Hirata adoptó una expresión meditabunda.

– Mi bisabuelo y el de Kushida combatieron juntos en la Batalla de Sekigahara. Nuestras familias aún se visitan el día de Año Nuevo. No me trato mucho con Kushida, me lleva catorce años, pero lo conozco desde que tengo uso de razón.

– Entonces será mejor que te encargues de la dama Ichiteru -dijo Sano-, para que tu falta de objetividad no perjudique la investigación.

Tras un instante de duda, Hirata asintió.

– ¿Hay algún problema? -preguntó Sano.

– No, por supuesto que no -respondió Hirata con rapidez-. Hablaré de inmediato con la dama Ichiteru.

Sano descartó sus recelos. Hirata jamás le había fallado.

– Una de las criadas de la dama es una chica llamada Midori -dijo Sano-. La conocí en mi primer caso de asesinato.

Midori, hija del daimio Niu de la provincia de Satsuma, le había ayudado a identificar al asesino de su hermana, acción que había ocasionado su destierro a un remoto convento. Sano había empleado sus influencias para llevarla de vuelta a Edo y conseguirle un puesto como dama de compañía en el castillo, una condición deseable para las chicas de familia distinguida. No había vuelto a ver a Midori, pero ella le había enviado una carta donde expresaba su deseo de compensarlo por su amabilidad.

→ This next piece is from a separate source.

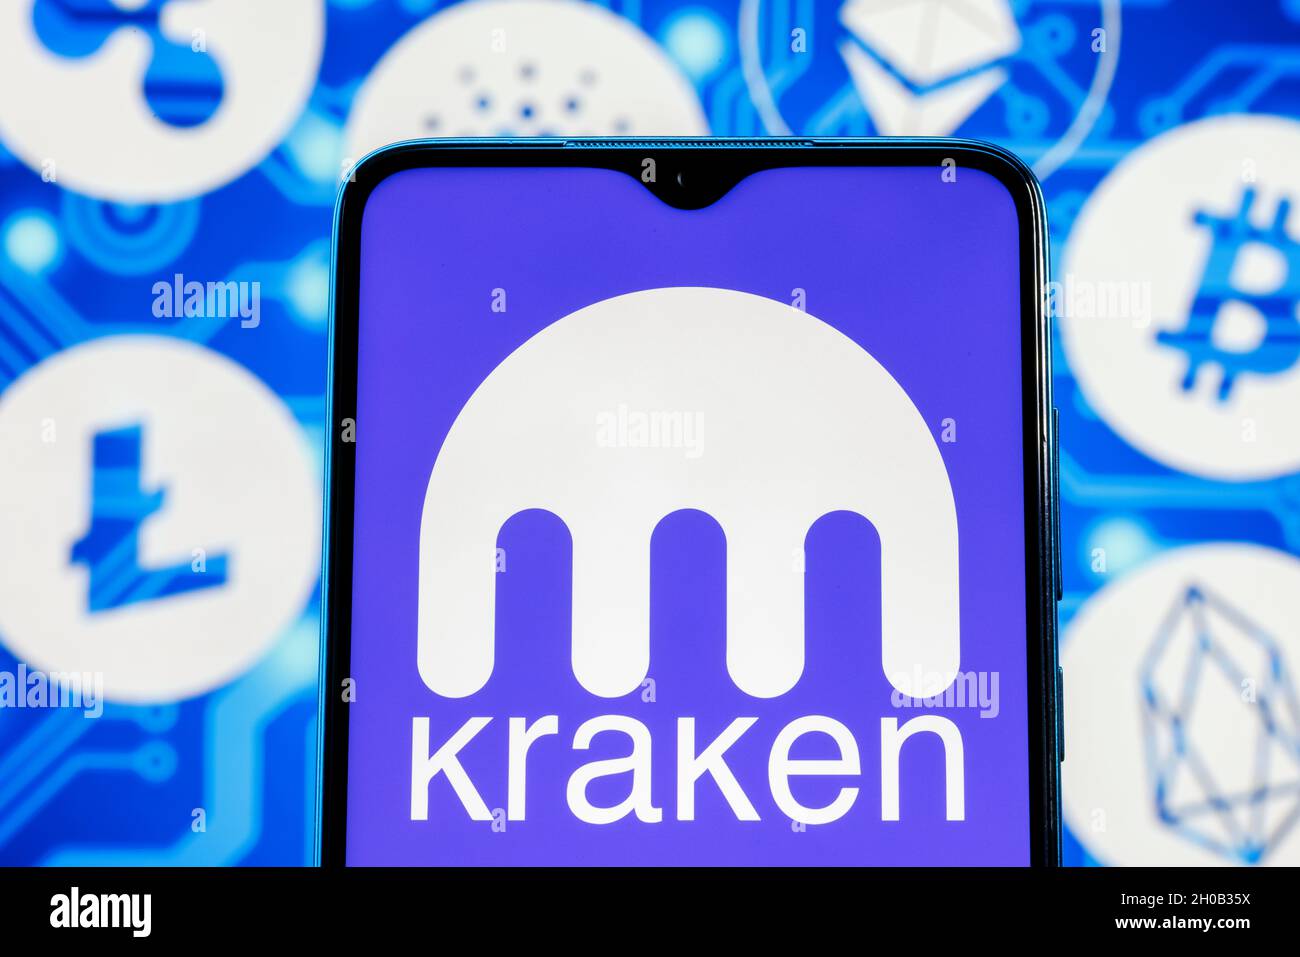 Kraken is cryptocurrency exchange. Kraken logo on smartphone screen against the background of the main cryptocurrencies. Stock Photo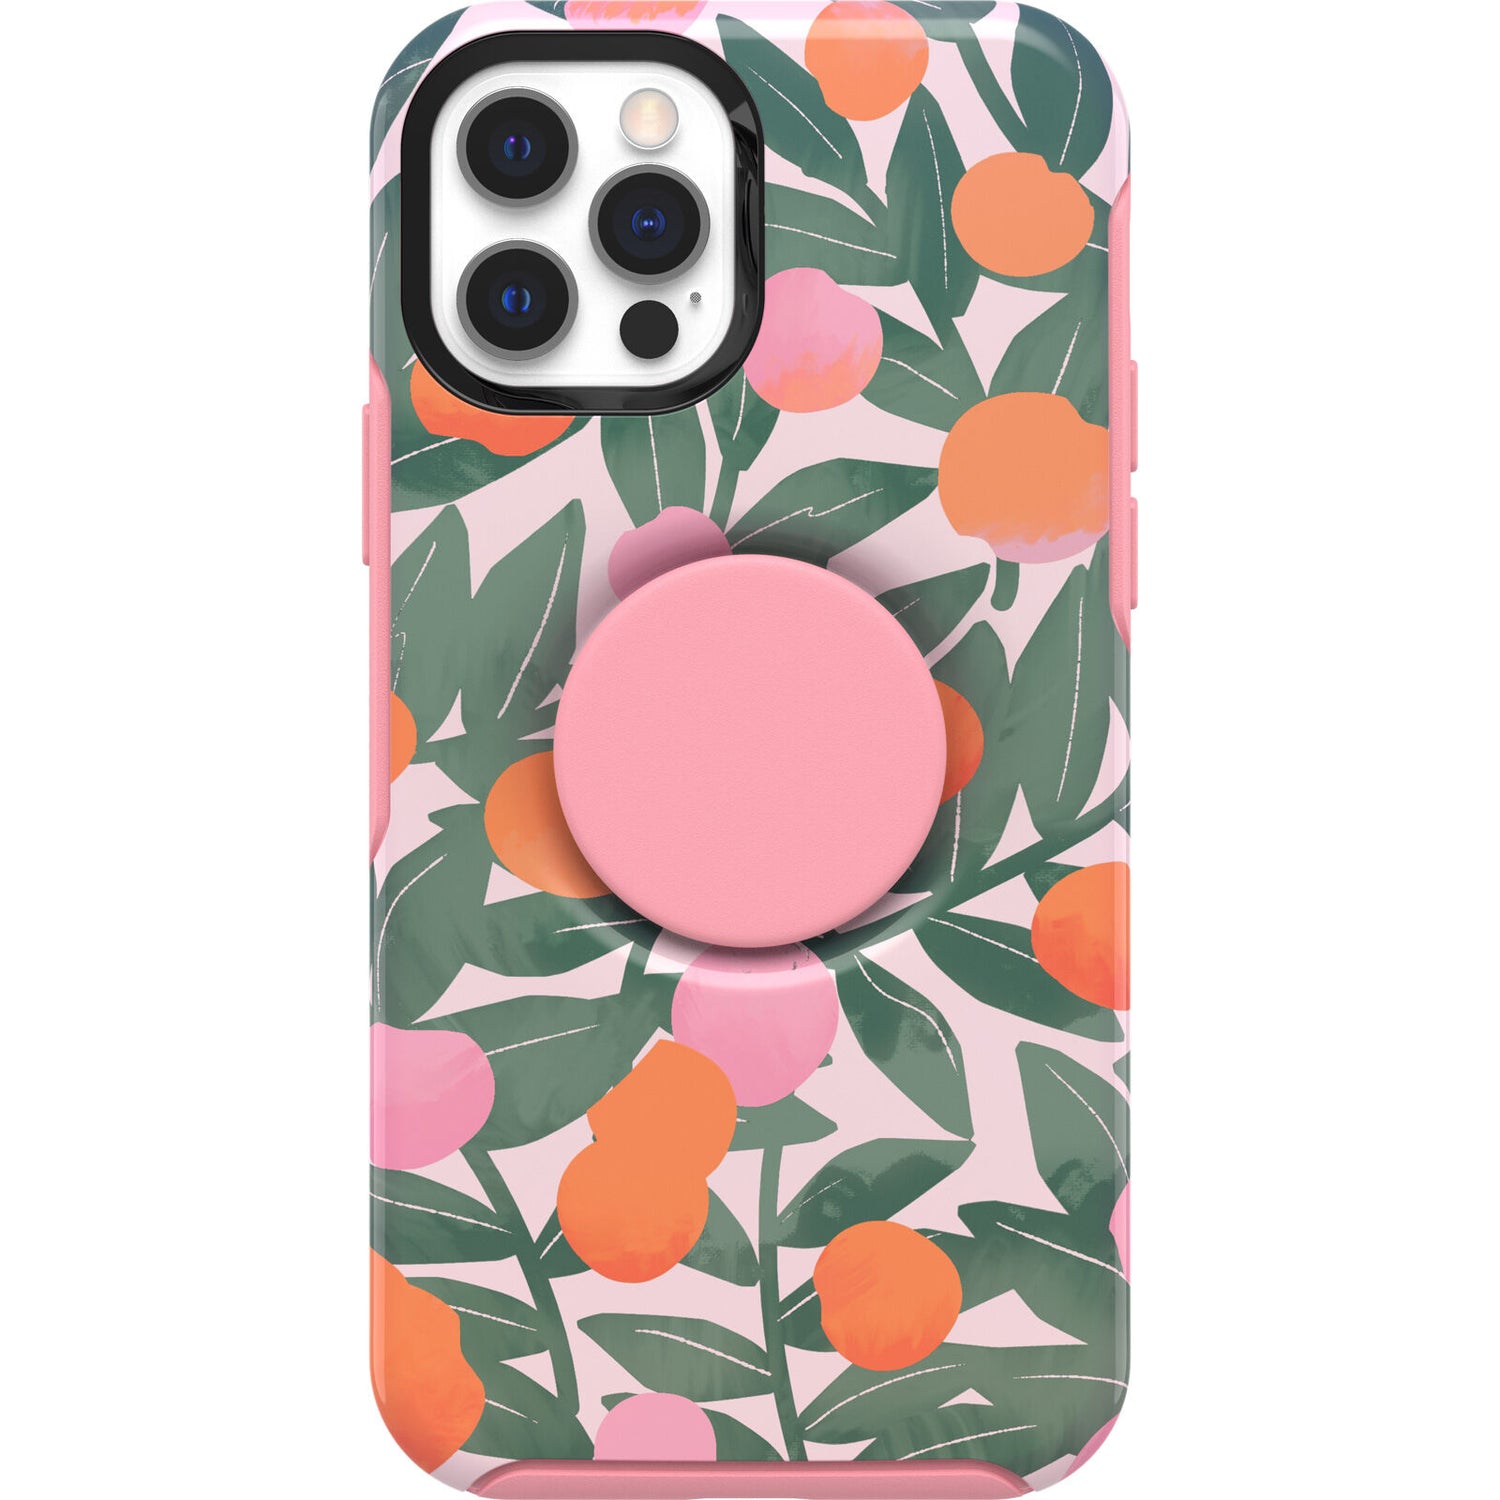 OtterBox + POP SYMMETRY SERIES Case for iPhone 11/XR - Stay Peachy (New)

Después de contarle la historia a Hirata, añadió:

– Asegúrate de hablar con ella y de decirle que trabajas para mí. A lo mejor te da alguna información de utilidad sobre los asuntos del Interior Grande.

Se separaron, Hirata de camino a las dependencias de las mujeres para ver a la dama Ichiteru y a Midori, y Sano en busca del teniente Kushida, el guardia de palacio que había amenazado con matar a la dama Harume.